Using docker-compose with the CE version I can only run a single node locally to test, so I am wondering if there is any way to determine this behaviour without spinning up a local cluster somehow.

Is the calling thread in this instance my application thread?

Yes, the calling thread is your application thread.

Is this iteration and final reduction being performed by my application thread inside the client before control is returned to the application, or do I have to manually iterate the ResultSet which is returned?

You have to manually iterate the ResultSet which is returned.

You can test aggregation queries with a single node. In this case, the ResultSet contains the same results that are returned from that single node and no reduce is performed.

Look at QuerySum.java and QueryAverage.java for aggregation query example code.

Thank you for your reply.

I see in QueryAverage that it returns a single result, which is retrieved using resultSet.next() once, whereas QuerySum iterates the ResultSet.
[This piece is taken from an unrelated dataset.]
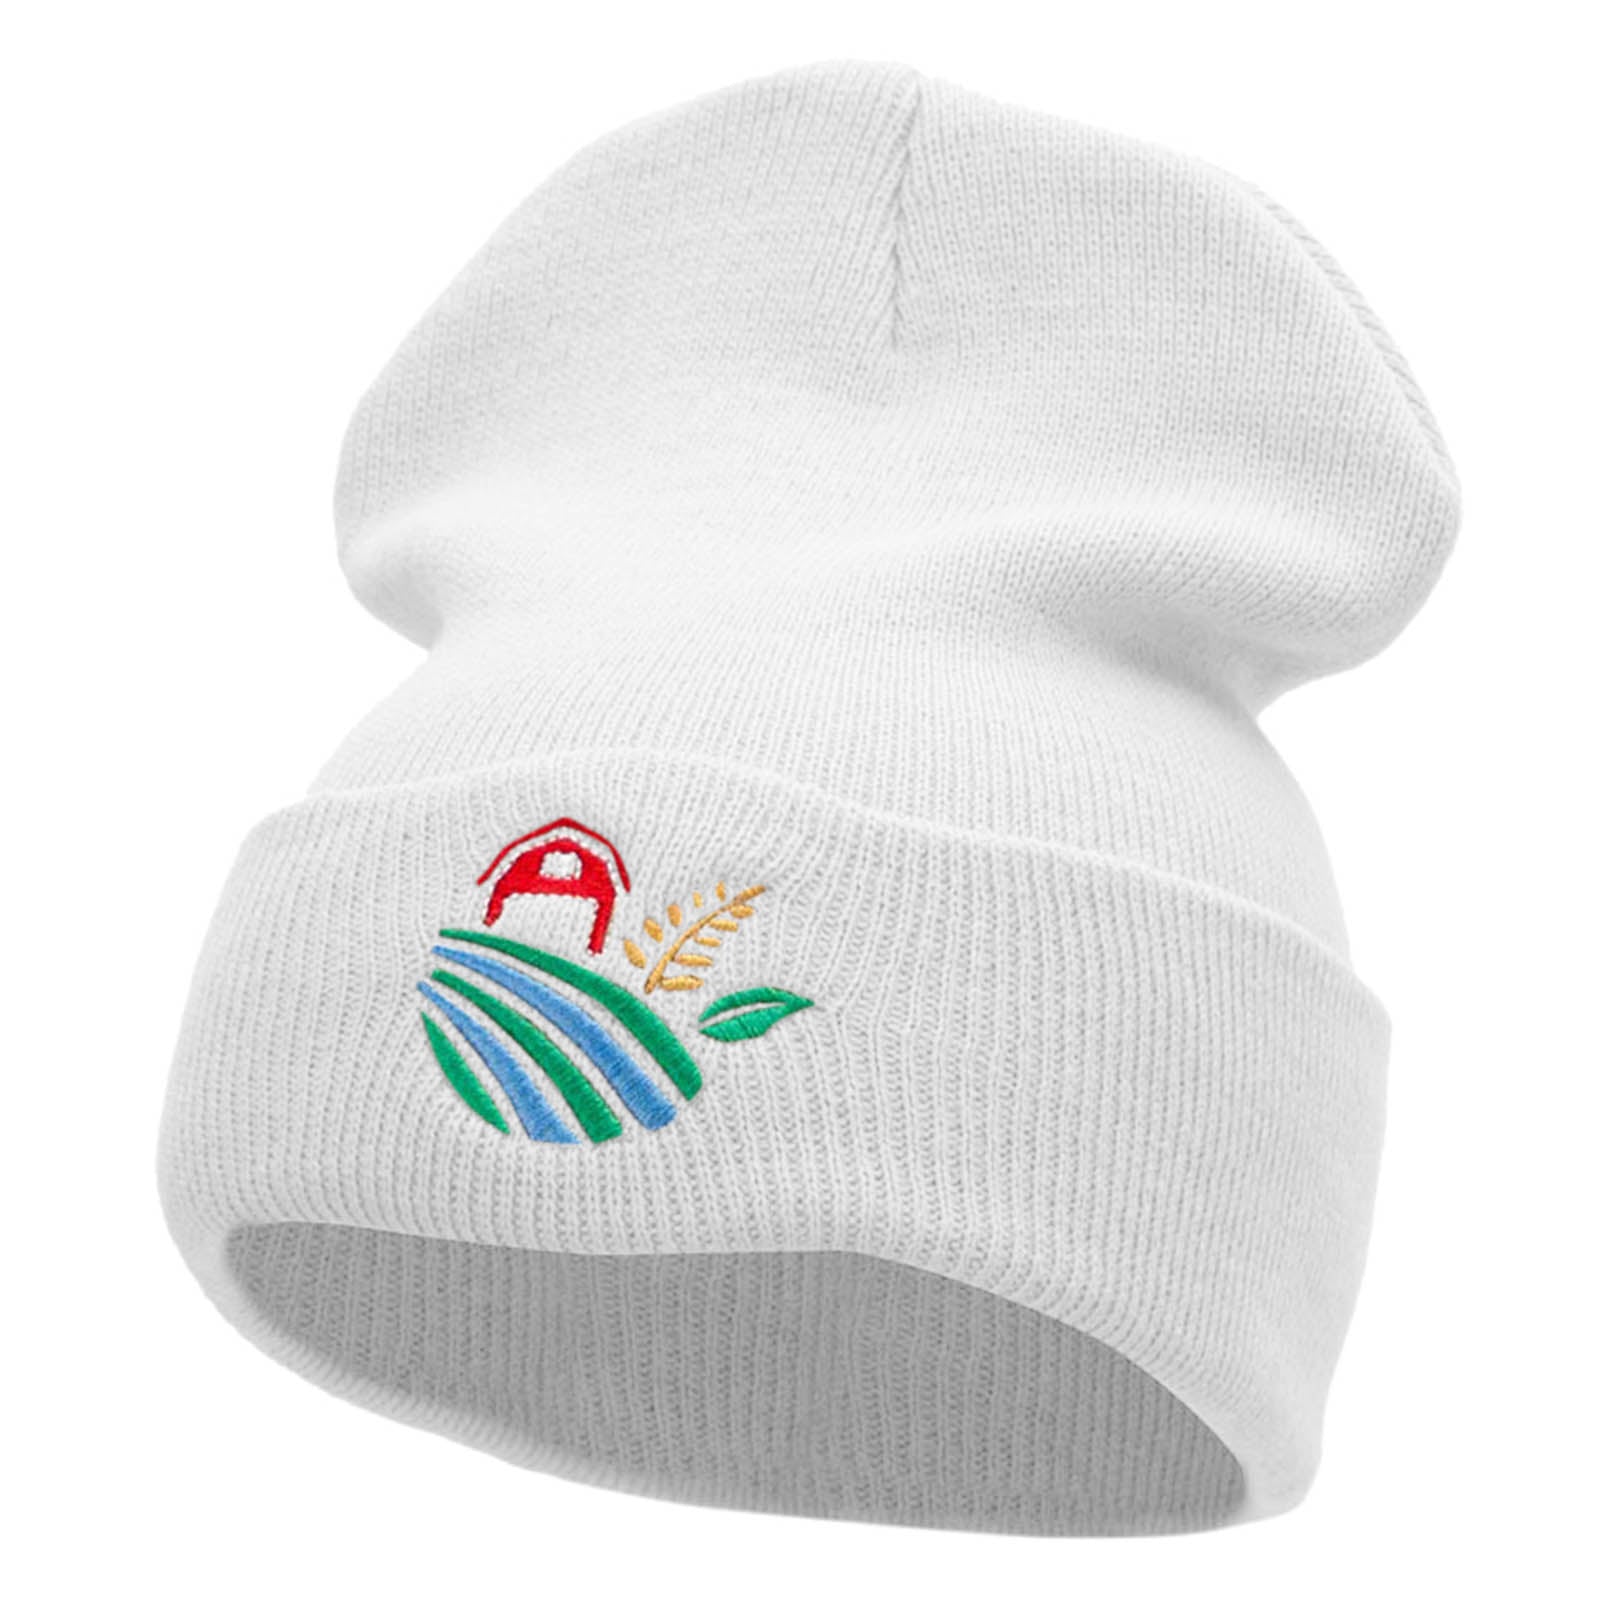 Farm Scape Embroidered 12 Inch Solid Long Beanie Made in USA - White OSFM

There is also a difference in the UDF lua definitions. QueryAverage uses a map+aggregation+reduce steps, whereas QuerySum uses only map+reduce steps. My own function uses only filter->map->reduce, no aggregation step.

I will test to see which of these examples match my own use case.

I missed this in my previous reading of the docs:

One main characteristic of reduce function is that it executes both on the server nodes as well as the client side (in application instance). Each node first runs the data stream through the functions defined in the stream definition. The end result of this is sent to the application instance. The application gets results from all the nodes in the cluster. The client layer in it does the final reduce using the reduce function specified in the stream. So, the reduce function should be able to aggregate the intermediate aggregated values (coming form the cluster nodes). If there is no reduce function, the client layer simply passes all the data coming from the nodes to the application.

So I think as long as I provide a reduce() function in my UDF it should get run on both the individual node and then on the client side, thereby returning a single result to my application?

That is correct.

1 Like

After making some modifications I’d like to confirm my understanding of the flow of operations.

  1. The filter function is applied.
  2. The map function is applied.
  3. The aggregation function is applied. These first 3 ops all run inside each partition.
  4. Then a server-side reduce function reduces all the aggregate results from all partitions on that node to a single result for that node.
  5. Finally the same reduce function is called once more client-side to produce a single result for the client.

Is this correct?

The first 3 ops apply to the entire node and are not restricted to a specific partition within that node. Aggregation queries use the older query protocol which does not query by partition. Otherwise, your statements are correct.

1 Like